The World Trade Organization, a group representing 135 nations’ efforts to reduce trade barriers, is meeting in Seattle this week to work out the details of new trade talks that would restructure the General Agreement on Tariffs and Trade, a 51-year-old document that sets trading rules for the world. Its recent history, however, shows that for all the talk about mutual benefits, the organization is equally willing to leave people behind.
On paper, free trade sounds great: One nation sells what it makes or does best to other nations, and vice versa.
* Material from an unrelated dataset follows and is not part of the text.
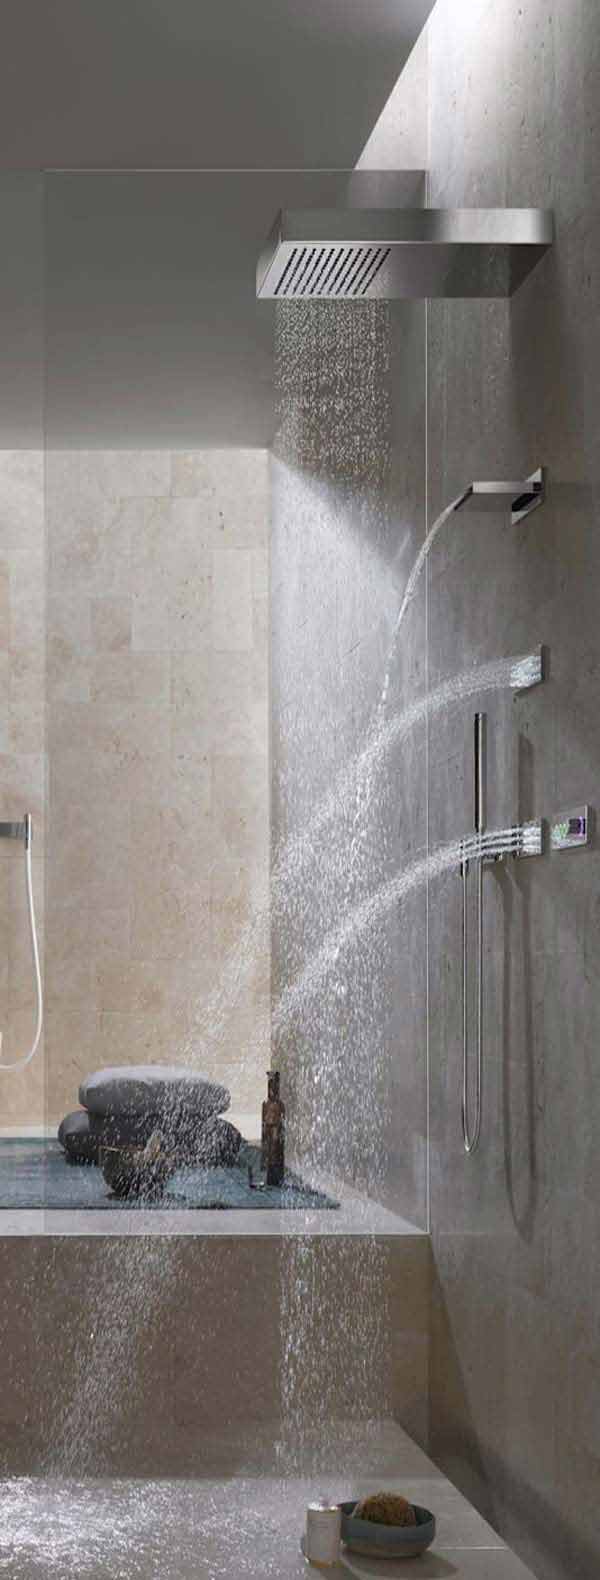 27 Must See Rain Shower Ideas for Your Dream Bathroom - Amazing DIY
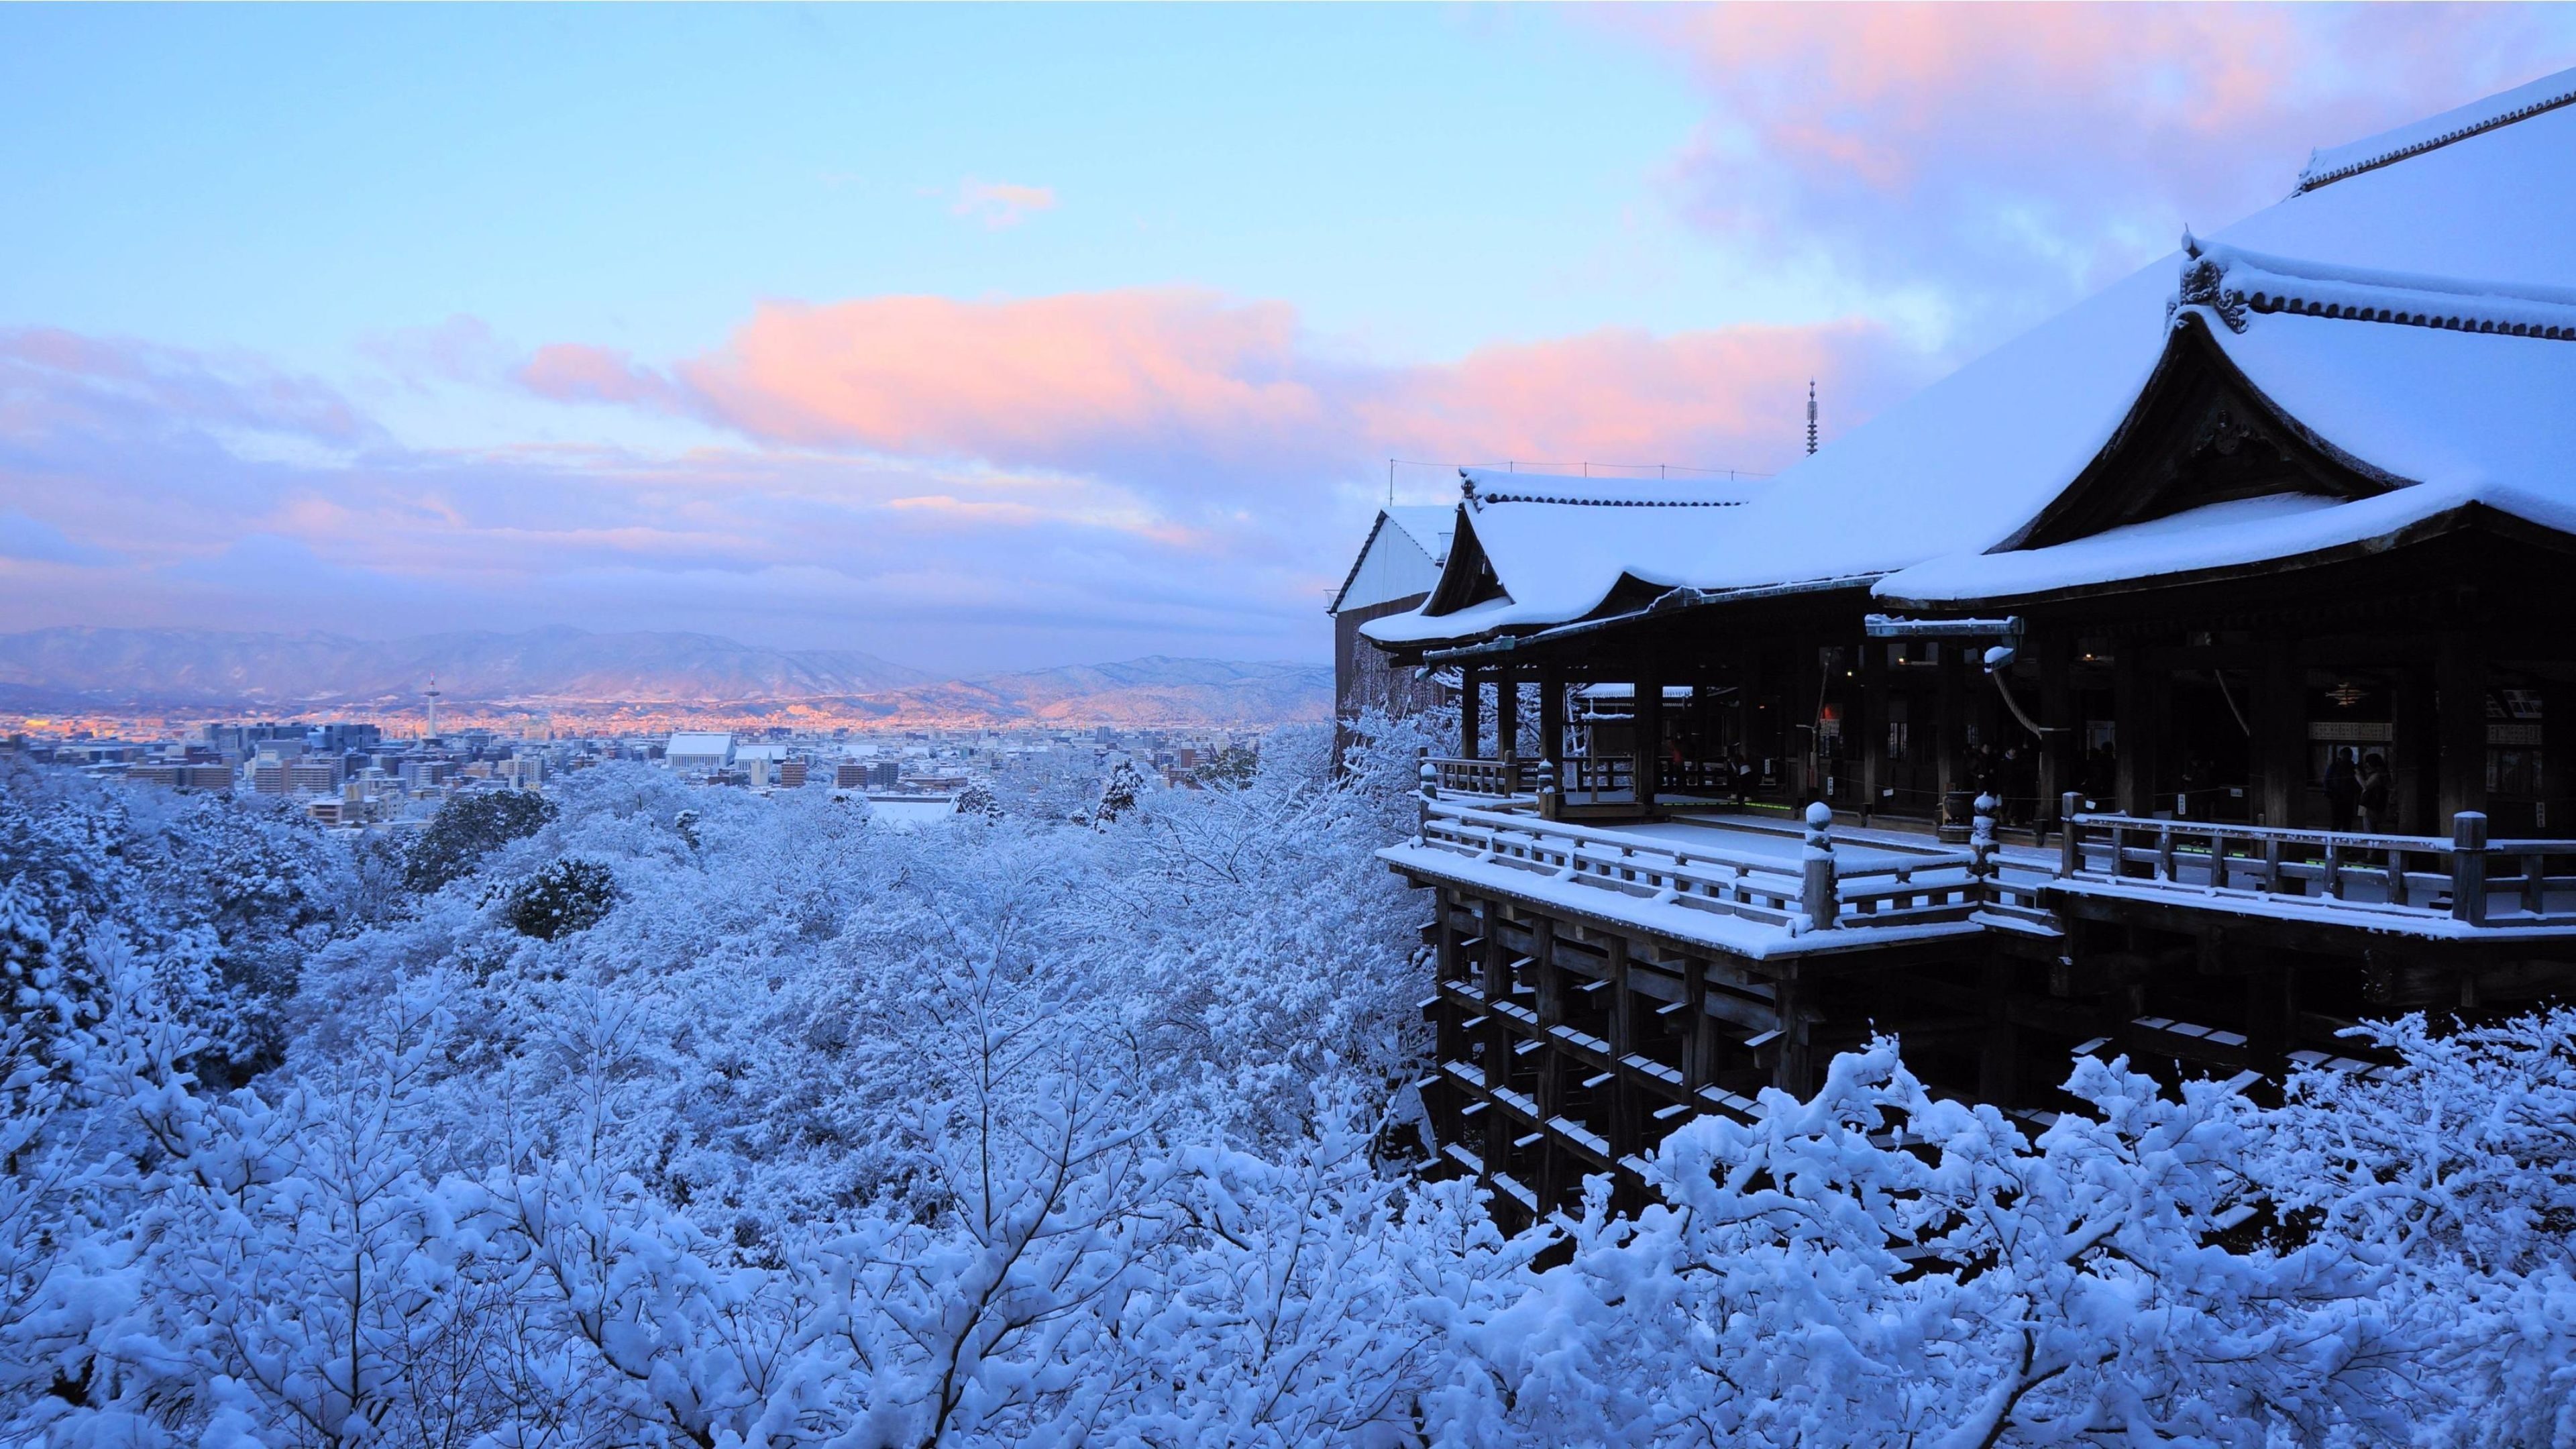 Amazing Winter 2016 Kyoto, Japan 4K Wallpaper. Free 4K Wallpaper. Winter picture, Kyoto japan, Winter in japan

And most people can agree that if global trade is to be a reality, some organization — in this case, the WTO — has to define what constitutes free trade and defend those rules.
But free trade is not a free lunch — it has its pitfalls, ones not so easily addressed by an organization such as the WTO, which is often accused of seeing trade as a virtue in itself.
There are questions of fundamental fairness to workers. Free trade can have the perverse effect of rewarding a few in nations where the many are subject to abuses of human and labor rights. The WTO seems particularly ineffective at doing anything about this.
Our three inalienable rights are life, liberty and property; it does little to give Third World workers the last of those rights, without ensuring the former.
And what about American workers? Should not they be able to defend their jobs against subsidized imports? Should we all fear losing our best-paying jobs to new factories in nations where the environment, living wage rates and freedom are alien concepts?
Even in Maine, it is easy to see that the vine of fair trade does not always bear fruit. Ask any potato farmer, logger or retailer in the Pine Tree State if his lot against Canadian competition has improved since the North American Free Trade Agreement. We think we already know the answer.
And then there’s the environment. It’s hardly progress if smaller nations see more industrial growth but fail to implement the protections needed to protect the world from toxins and pollution. Globalization of economy may be at hand, but it’s in the entire world’s interests to condition trade on treating Earth properly.
Free trade ought to mean more than a free-for-all. It ought to mean ensuring that every human being, regardless of his nation, has the chance to make a fair wage in labor that benefits himself, his neighbor and his neighborhood.